To better understand the emerging crisis, one needs to know something about the evolution of public education in this country. Prior to World War II the nature of public schools was very different. Many students left schooling when they were old enough to find work. These students were usually from financially struggling families who needed the extra income. Many of these students did not see a future that required an education. Many were able to secure jobs in factories or trades that eventually might allow them to survive and feed their families. Post World War II, the economy began to expand and there was a greater migration from rural areas to newly developing suburbs. The job and career market began to diversify providing many new jobs that required more education. The new economy was bolstered by the GI Bill with many veterans choosing to pursue some form of higher education. Most blue-collar jobs began to require a high school diploma.

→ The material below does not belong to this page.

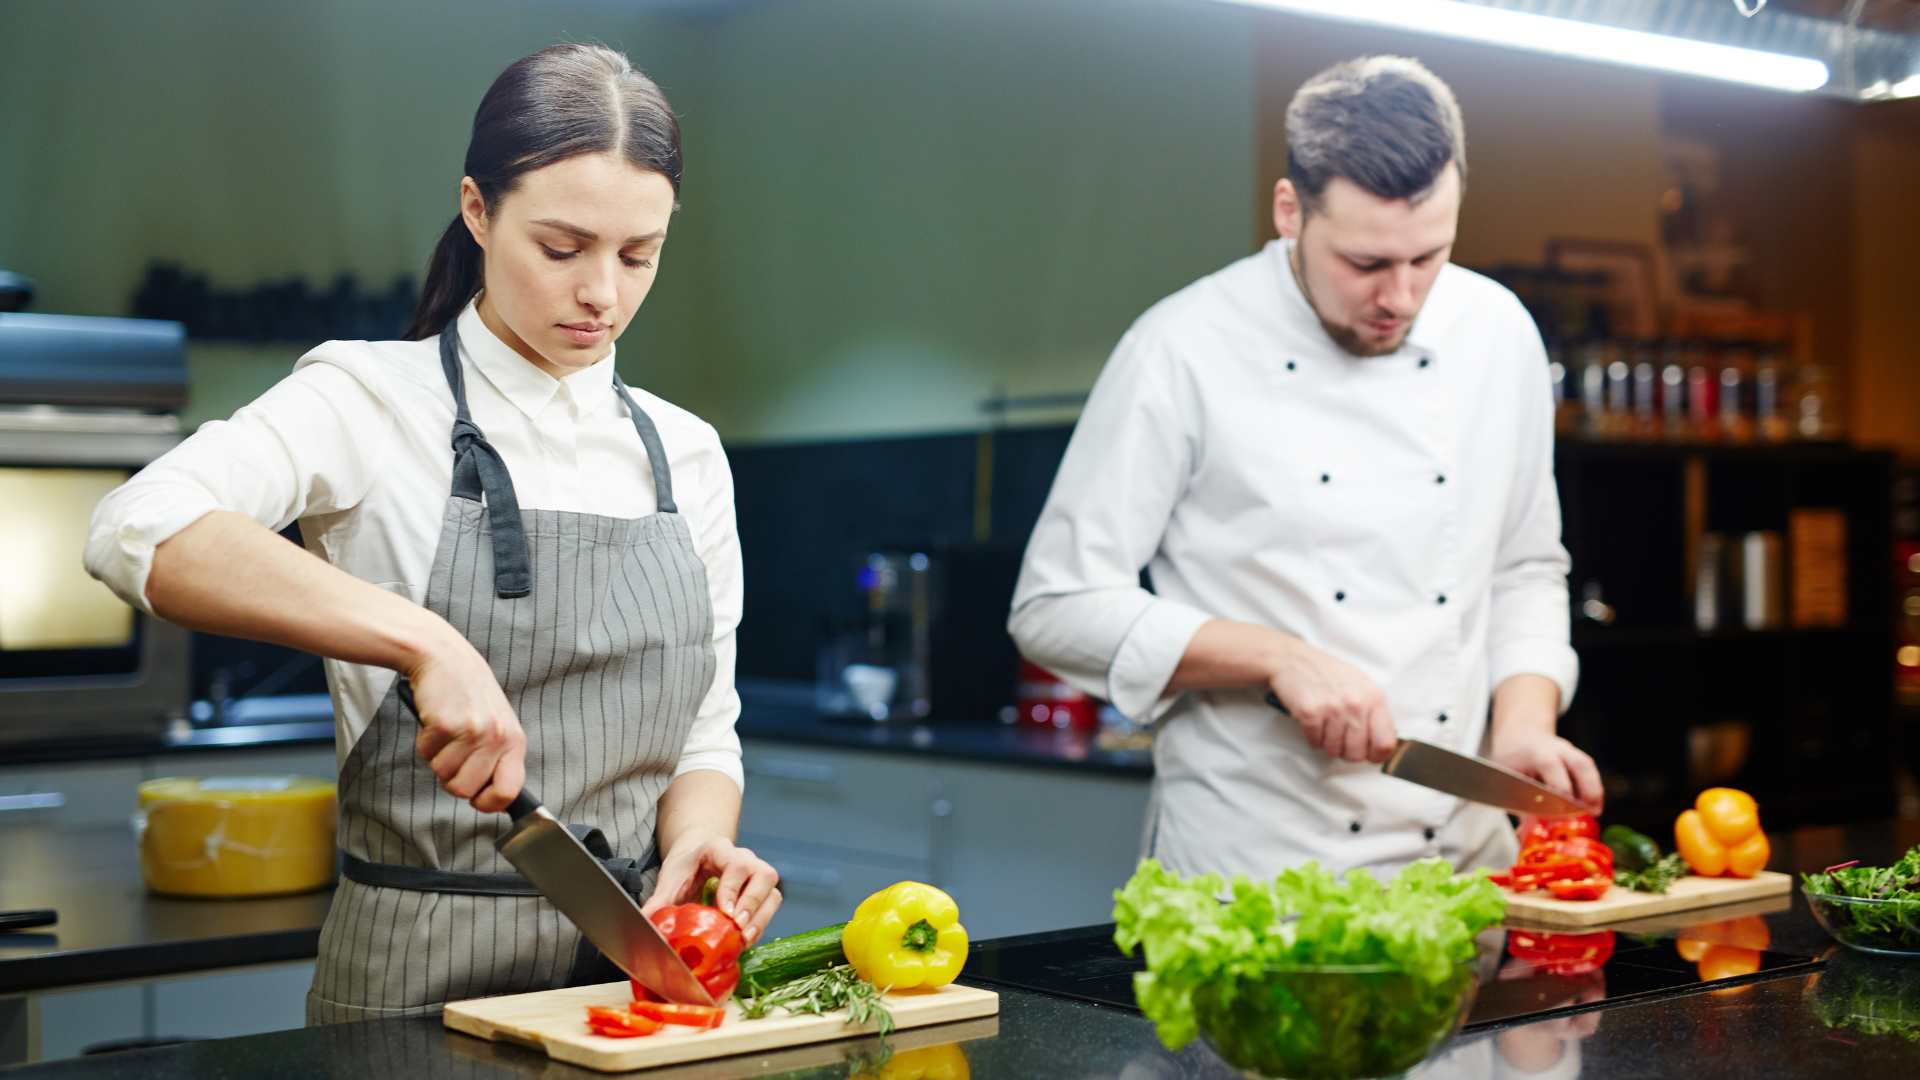 Two people slicing food in a professional kitchen. Hotel and kitchen jobs are expected to grow this year.

The new job and career landscape began to push for students to stay in school to get a diploma. Those students who would have previously chosen early work over education were forced to stay in school. This presented a new challenge for teachers. They were faced with a wider range of skill levels and interests with regard to their students. The prevailing notion in too many classrooms was to move ahead with instruction in the same manner and expect all the students to keep up or perish. The result of this approach was a sizeable disparity between the students who could keep up, and had the motivation to do so, and those who either needed a different approach, or a means of motivation to do so. It is necessary to point out that, just as in any profession, there were many great teachers who accepted the challenge to try to inspire and lift up as many students as possible. It is also true that many held onto the philosophy that it was the responsibility of each student to come to the learning self-motivated to succeed. The disparity in skills and motivation among students became an increasing frustration for many teachers.

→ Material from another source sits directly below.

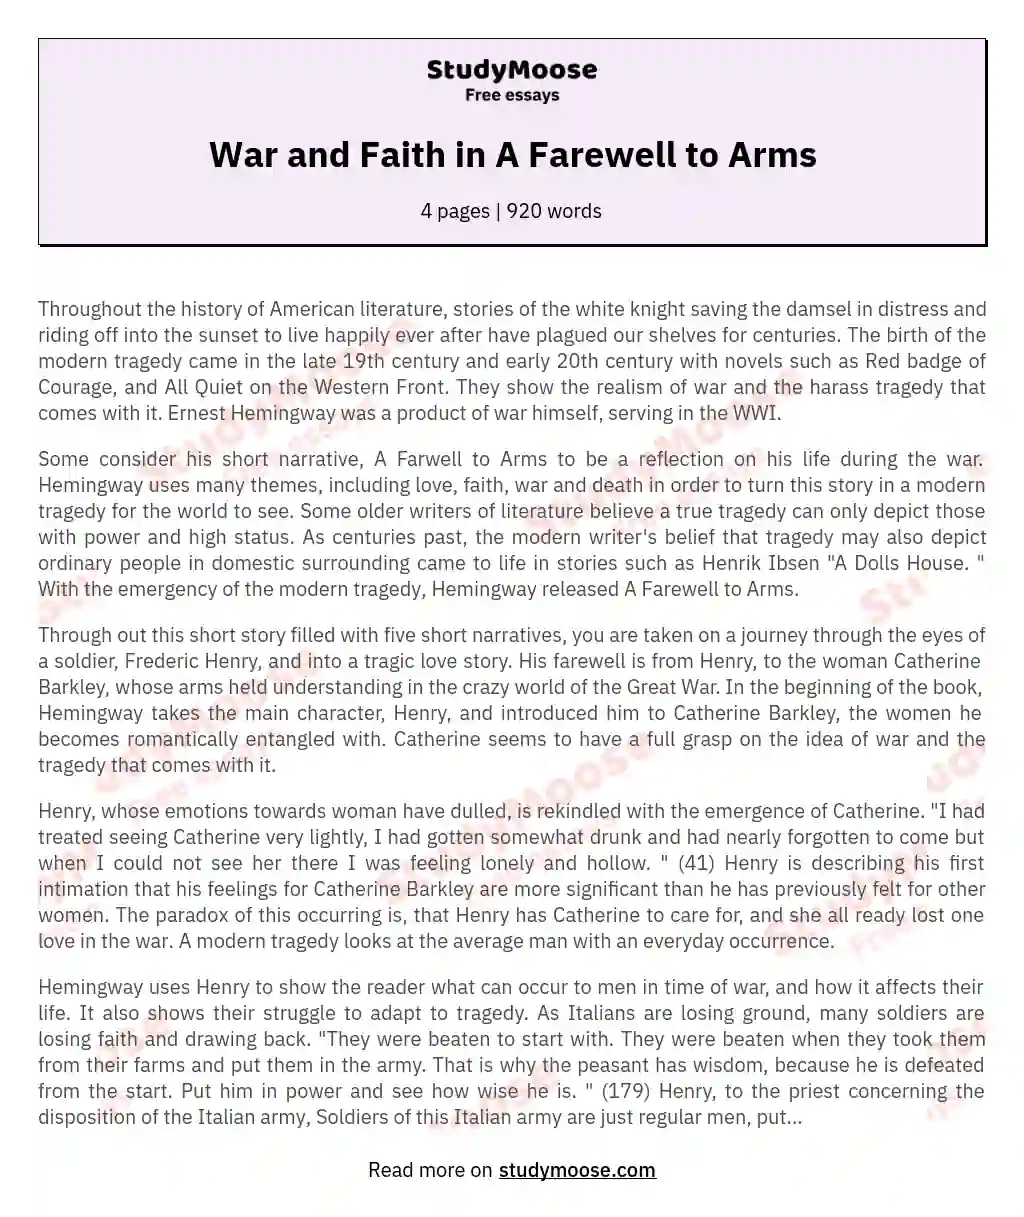 War and Faith in A Farewell to Arms

Needless to say, teacher salaries are a major factor adding to disillusionment and teacher burnout. I do not believe that salaries are the primary cause of teacher exodus in Connecticut, but salaries are a contributing factor and a major roadblock in building the profession to withstand the crushing teacher shortage that is upon us and will be worsening each year. Low salaries are also a much more significant issue in other states as well.
It is important to note that although teachers have always been underpaid for the work that is expected of them, the gap between teacher salaries and spending power has grown over the years. In the 1960s and 70s the average teacher yearly salary was between $4,000 and $6,000 a year. The average home price in 1970 was $17,000. That meant that a teacher making $6,000 a year made thirty-five percent of the total home price in one year. In 1984, I made $18,000 a year as a teacher. The average home price in 1984 was $73,000. My purchase power had been reduced by eleven percent to twenty-four percent of the average home price. Teachers during this period were clearly not entering the profession to secure wealth. You either became a teacher because you had a calling, or you became a teacher because it was a fairly steady job in which you could use the skills and knowledge that you had acquired through your education.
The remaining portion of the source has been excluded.